Он написал в институт. Когда он отложил перо, его бросило в жар, точно от высокой температуры. Он собрал горстку снега с крыши и приложил ко лбу, взглянул на зеленоватые морозные звезды, в знак клятвы поднял руку и уткнулся двумя пальцами в скошенный потолок своей каморки: «Не отступлю от учения до тех пор, пока всюду и везде не услышу: — Добро пожаловать, господин доктор!»
Станислаус заполз в свою каморку.
38
С помощью науки Станислаус приобретает уменье все раскладывать на составные части. Мефистофель в образе приверженца солдатского хлеба совращает Станислауса с пути истинного, но хозяйка пекарни выручает его.
Станислаус учился. Год за годом никуда не выходил он из своей каморки, все свои свободные часы посвящал науке и узнал, что вода это не вода. Раньше вода утоляла его жажду, обмывала ему лицо и руки, а теперь это была химическая жидкость, соединение кислорода с водородом. Он узнал, что подброшенный вверх камень не падает, а испытывает на себе закон притяжения. Он вымерял обжитые уголки своей каморки; они превратились в прямые углы, и ему стало известно, что это помещение содержит семь кубометров кислорода, углерода и ноль кубометров азота. Он научился делать разбор стихотворений Гете и спрашивать:
— Что хотел сказать нам поэт в этом произведении?

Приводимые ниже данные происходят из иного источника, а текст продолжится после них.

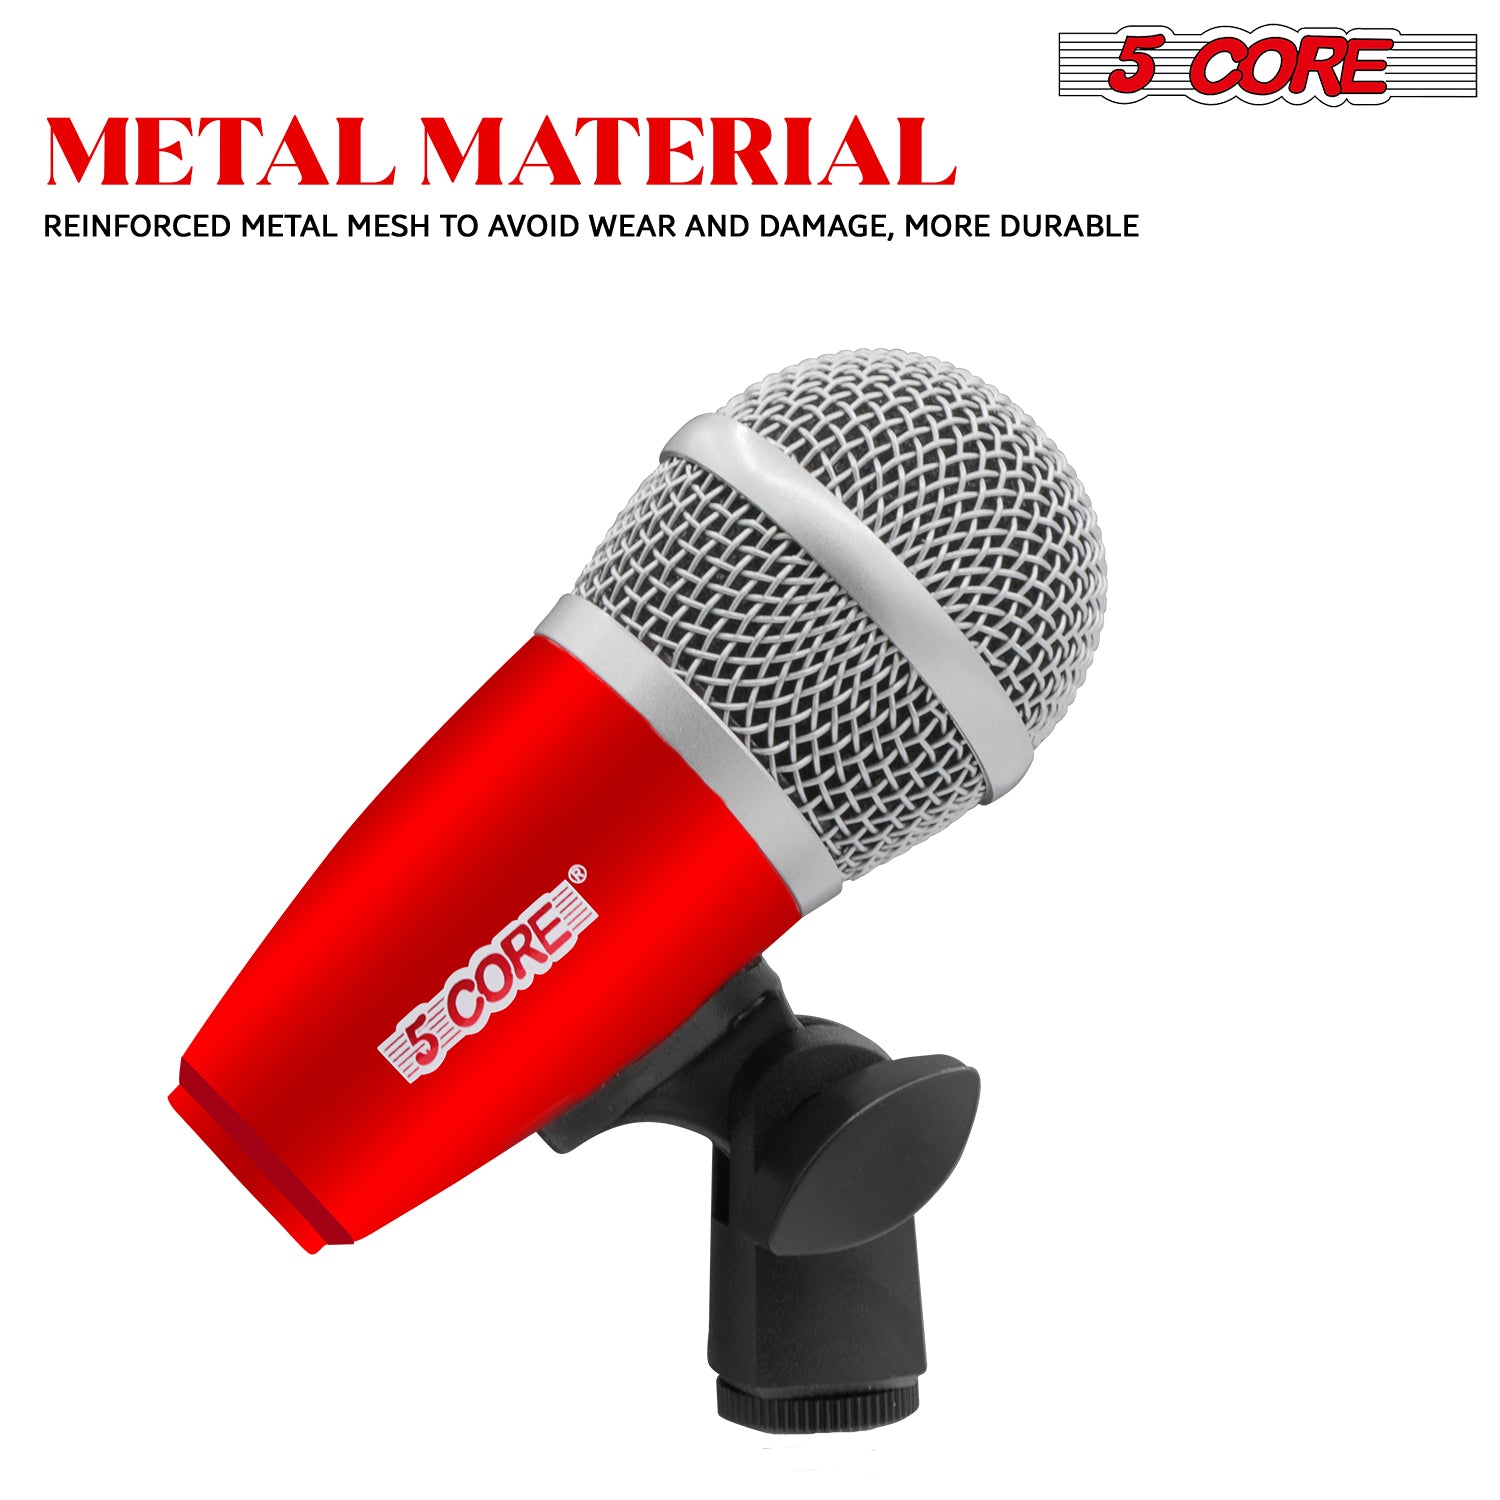 Metal material mics

«Горные вершины спят во тьме ночной…» Станислаус слышал в нем шум леса, а его заочный учитель поправил его: о лесном шуме в этом стихотворении, мол, ничего не говорится, и поэтому Станислаусу за его работу и анализ стихотворения ставится низкий балл. А что он мог сделать? Лес для него все-таки шумел в этих строчках. Он узнал, что солнце по-французски soleil, а по-английски sun. Отныне все предметы и всех людей своего окружения он называл трояко. Сам он был пекарь, boulanger и baker.
Щеки у него ввалились, его постоянно била лихорадка любознательности. Лоб покрылся сетью морщин, волосы посеклись и начали редеть.

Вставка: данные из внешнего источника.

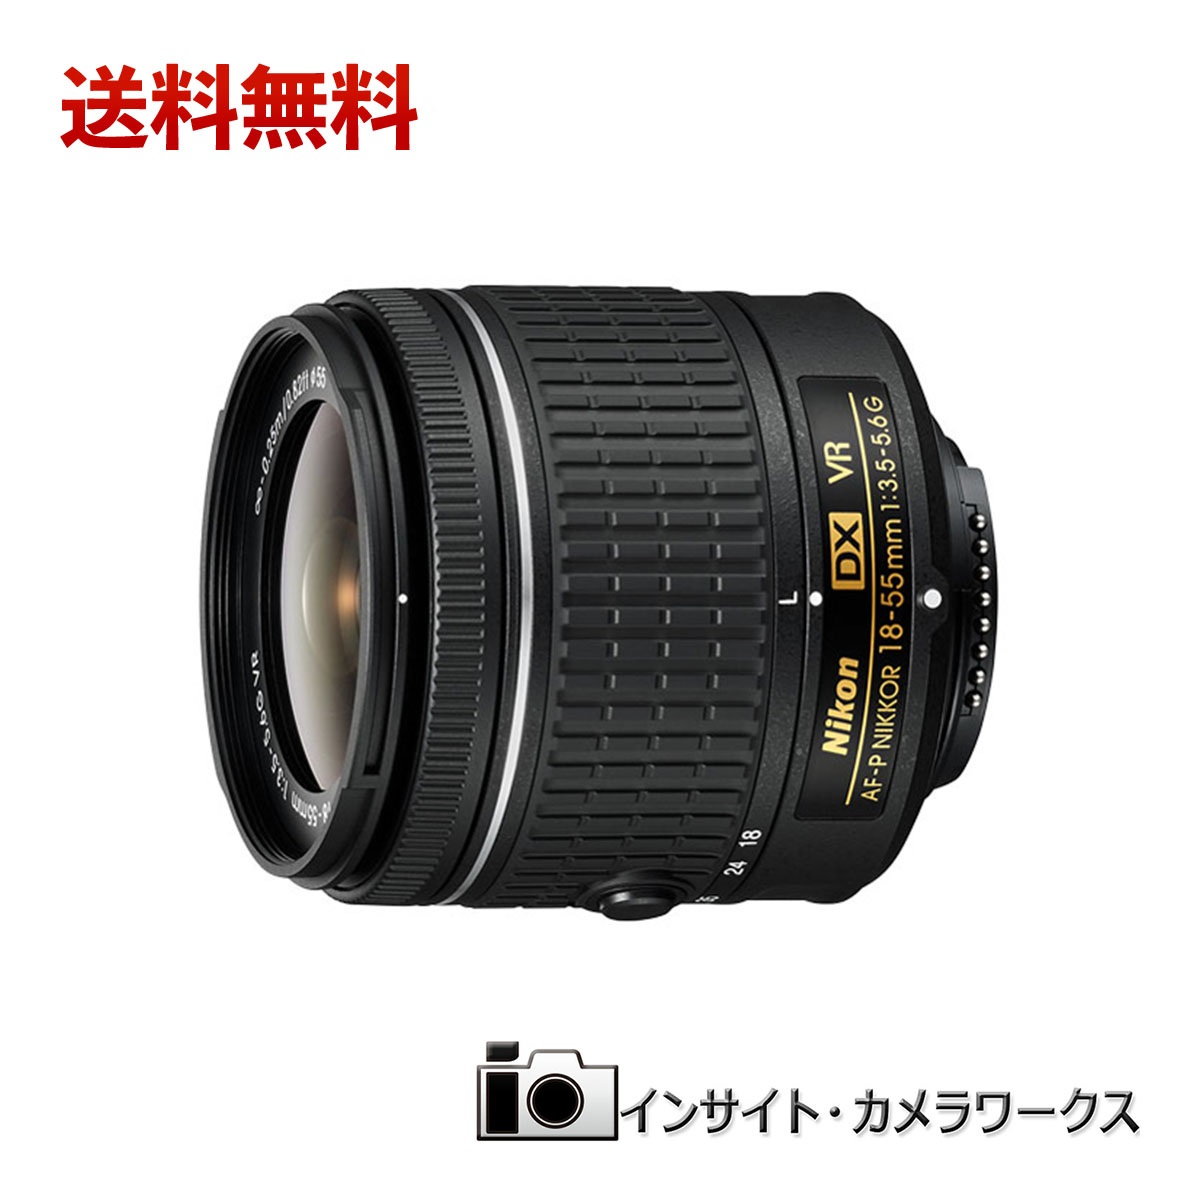 送料無料 特価 Nikon 標準ズームレンズ AF-P DX NIKKOR 18-55mm 10ヶ月保証 店舗仕様箱 VR ニコンDXフォーマット専用 3.5-5.6G 今だけ限定15%OFFクーポン発行中 高い素材 交換レンズ f

Кашляющая хозяйка намазывала ему хлеб с двух сторон. Он на ходу жевал бутерброды, повторял заданные уроки и декламировал. Хозяйка окружила его материнской заботой, но худые щеки его не полнели.
— Ты доучишься до чахотки.
— Никто, кроме меня, от этого не пострадает, — сказал Станислаус, но озабоченный взгляд хозяйки все же согревал его.
— Смотри, дождешься, что тебя с книжкой в руках замертво вытащат из твоей каморки. Выпей стакан сливок! Немедленно!
Он пил не сливки, а воду, белки, протеин и молочные жиры.
Заочные учителя давали совет, как распределить занятия. Это были правила для тех, кто высыпается. Но не было никаких указаний для ночных учеников, которые в течение дня ворочали уголь в подвале под пекарней; не было специальных указаний для пекарей, у которых рабочий день начинался в пять утра и которые, надышавшись мучной пылью и запахами брожений, вползали в затхлый воздух своей чердачной конуры.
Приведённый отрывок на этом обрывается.